*Instructions to follow*: Find "Belize, rural village, boy in shot." below and begin at its line; stop after the line with "Tại huyện miền". Output those lines exactly, without pictures.

*Input data*:
+++

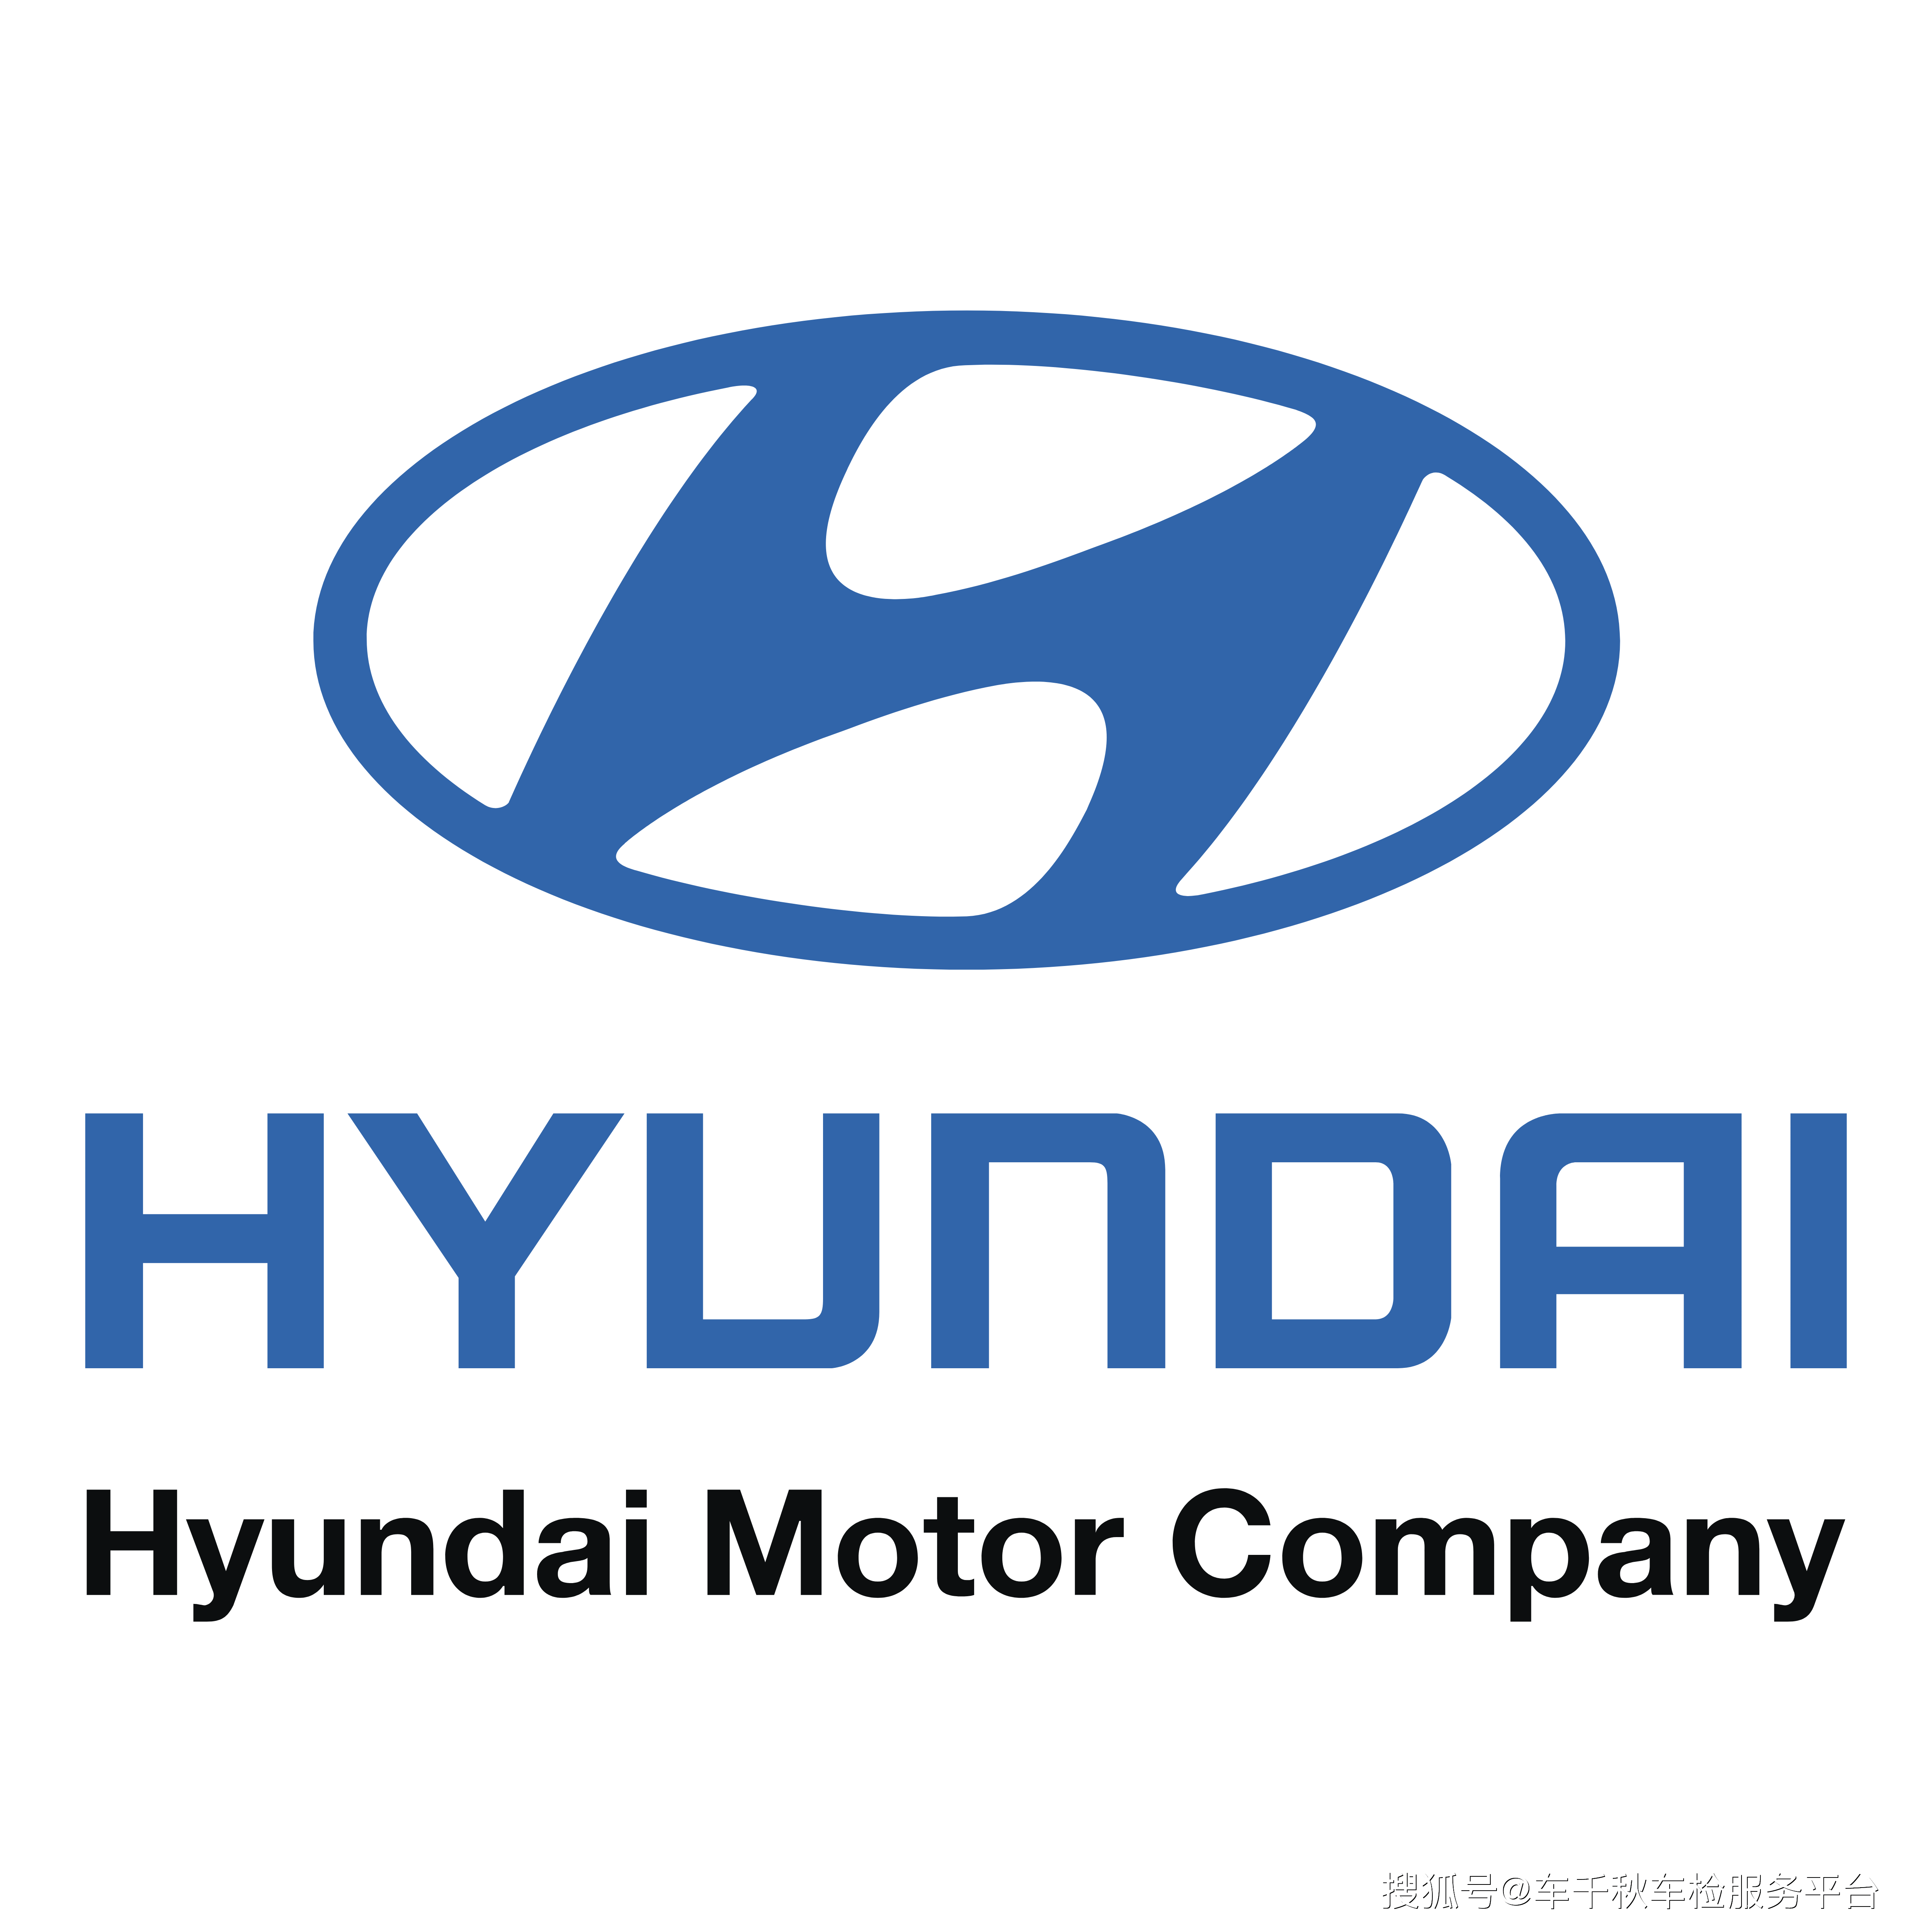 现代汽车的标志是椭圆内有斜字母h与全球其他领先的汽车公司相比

+++

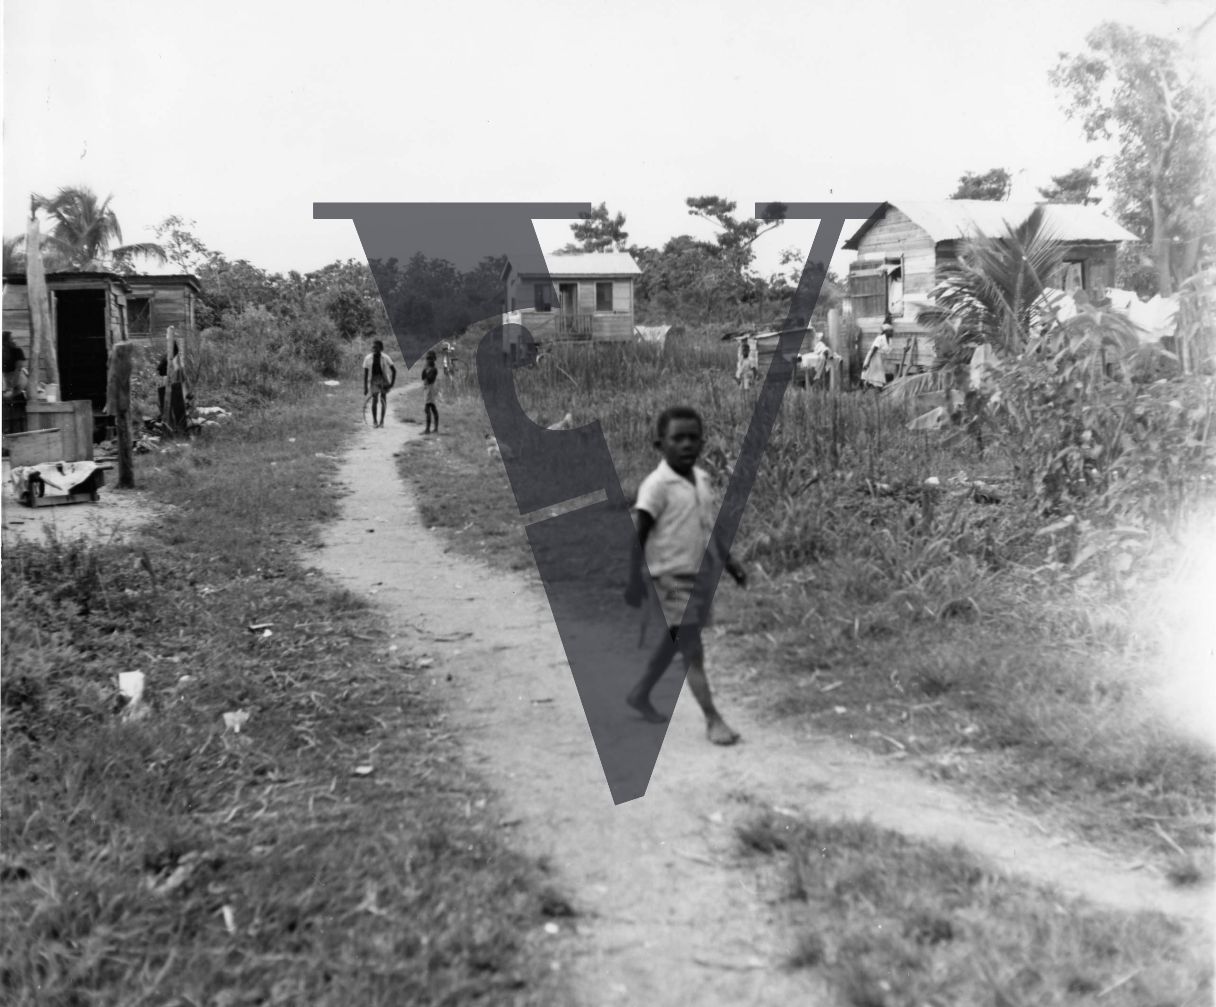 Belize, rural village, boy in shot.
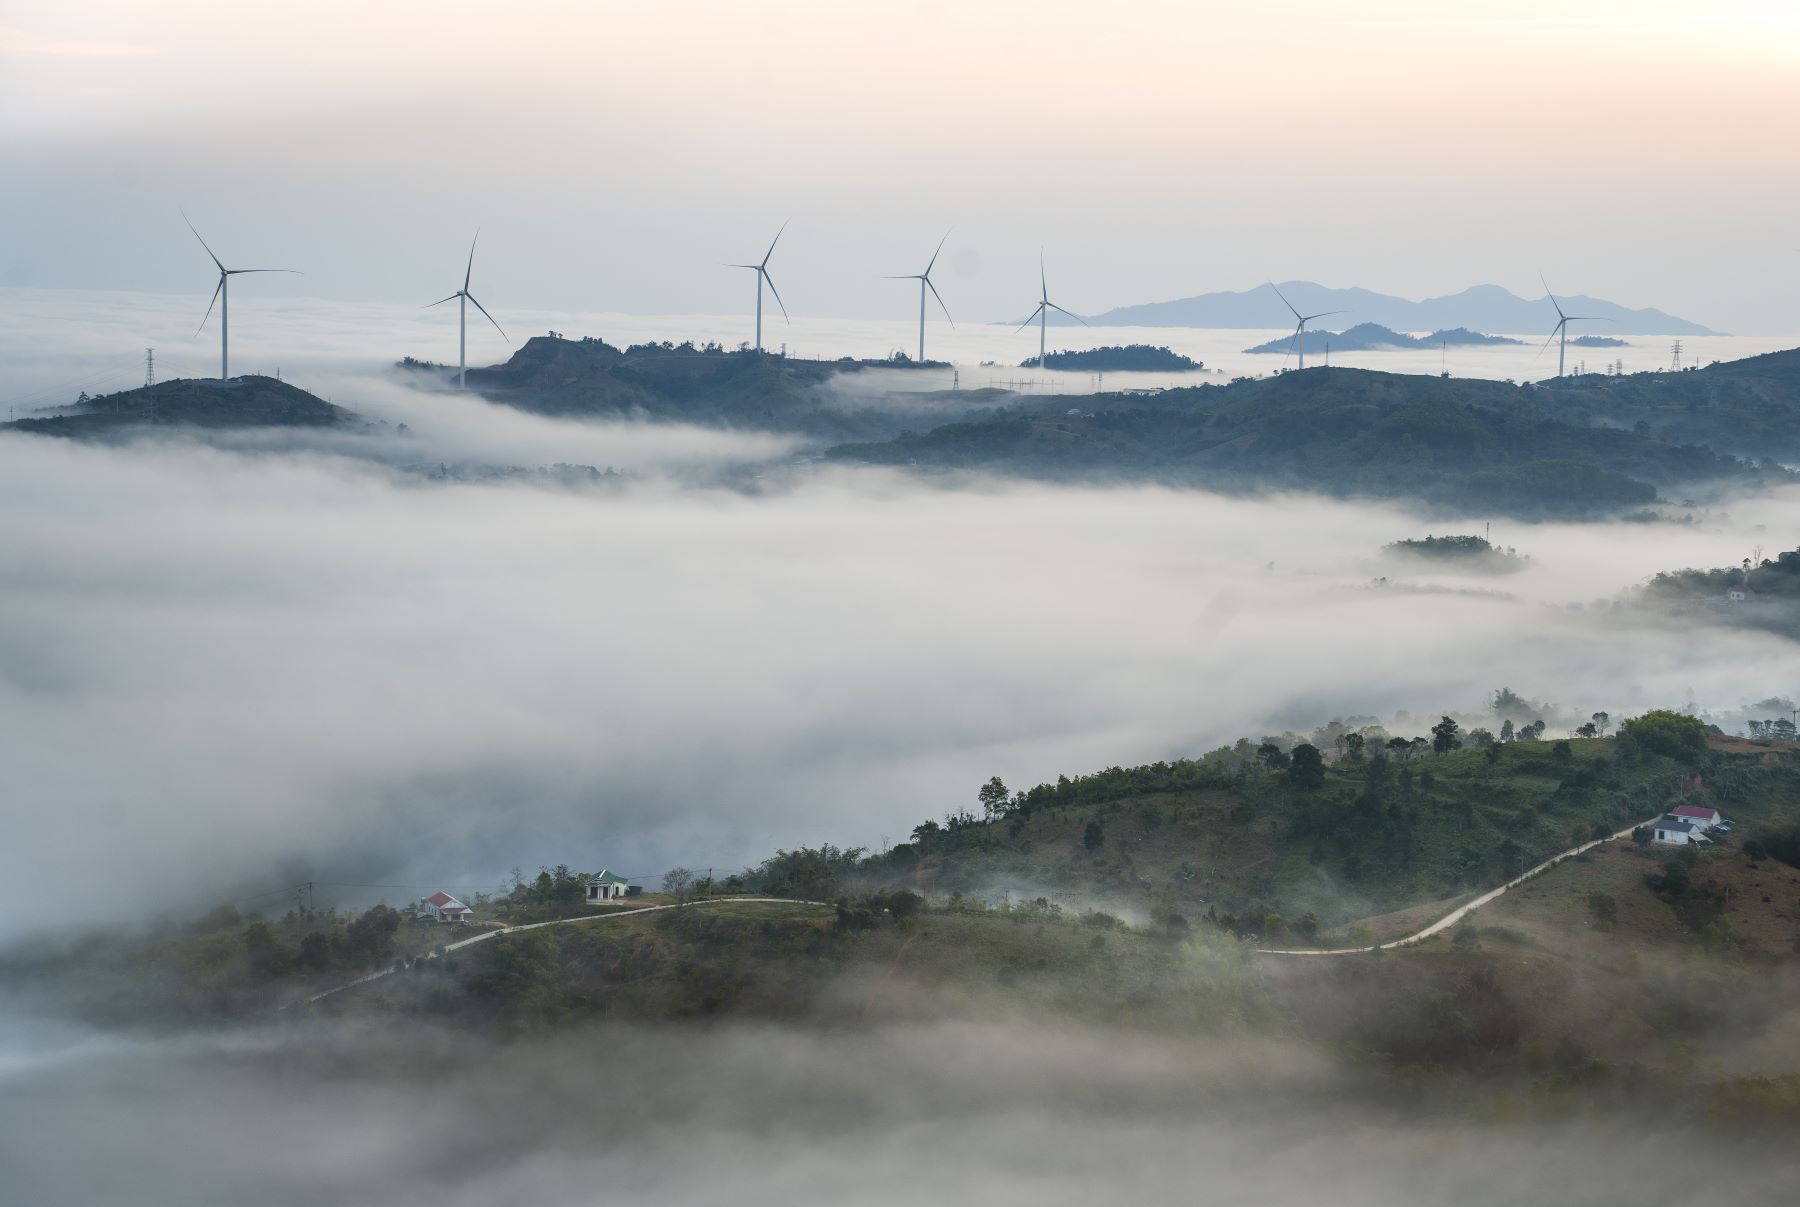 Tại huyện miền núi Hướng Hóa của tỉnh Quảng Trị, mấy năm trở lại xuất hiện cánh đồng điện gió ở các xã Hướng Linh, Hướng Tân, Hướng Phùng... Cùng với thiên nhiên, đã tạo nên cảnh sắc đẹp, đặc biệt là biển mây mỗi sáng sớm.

+++

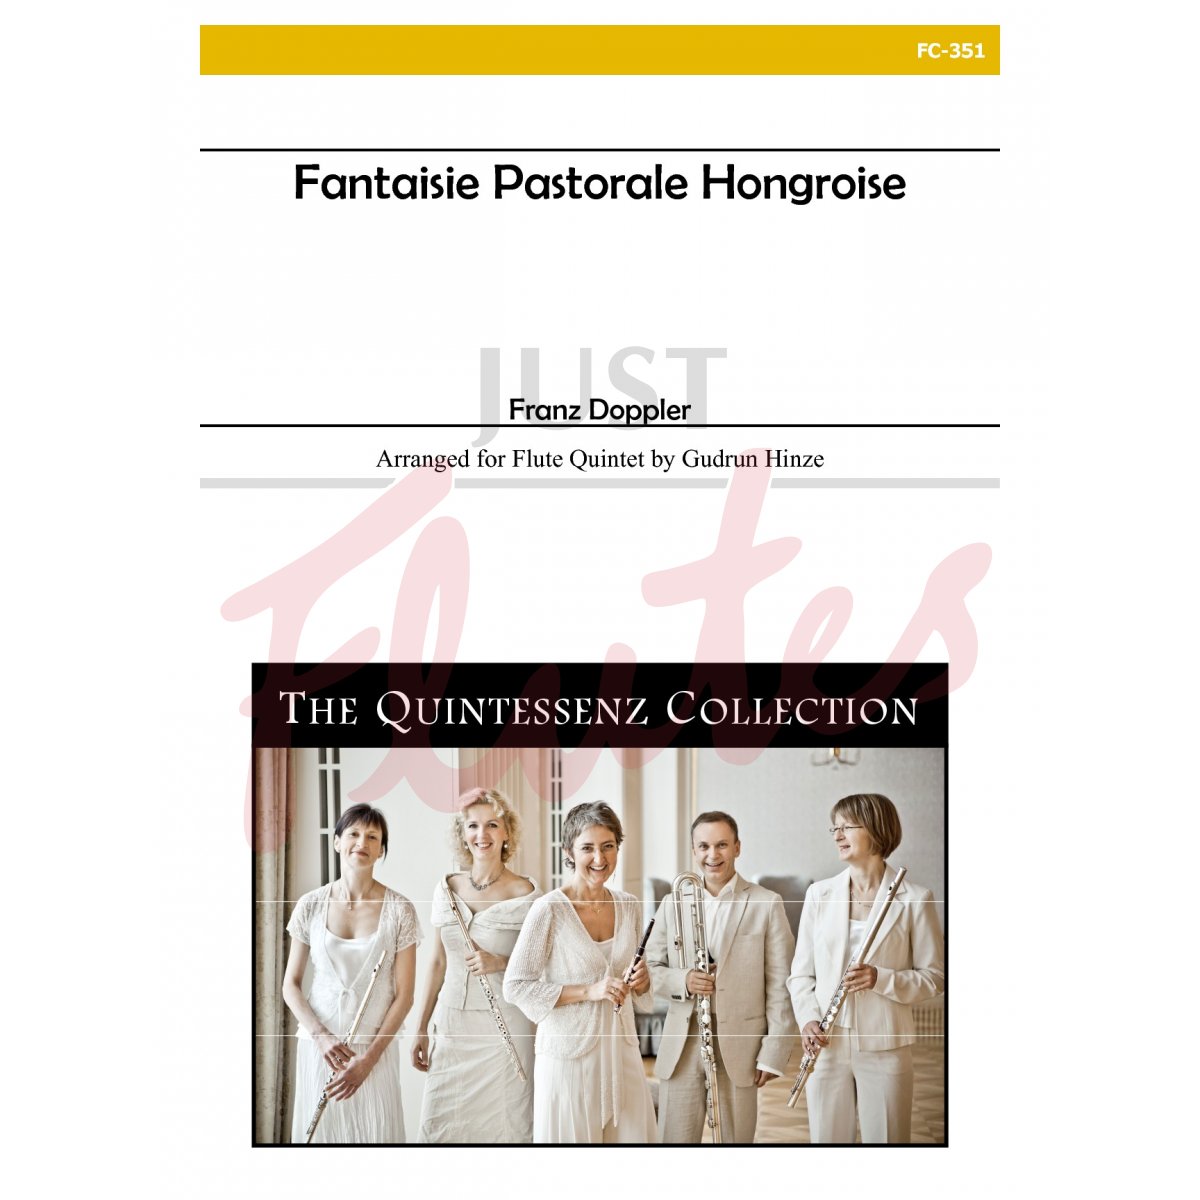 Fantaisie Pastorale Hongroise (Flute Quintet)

+++

*Answer to this exercise*:
 Belize, rural village, boy in shot.
 Tại huyện miền núi Hướng Hóa của tỉnh Quảng Trị, mấy năm trở lại xuất hiện cánh đồng điện gió ở các xã Hướng Linh, Hướng Tân, Hướng Phùng... Cùng với thiên nhiên, đã tạo nên cảnh sắc đẹp, đặc biệt là biển mây mỗi sáng sớm.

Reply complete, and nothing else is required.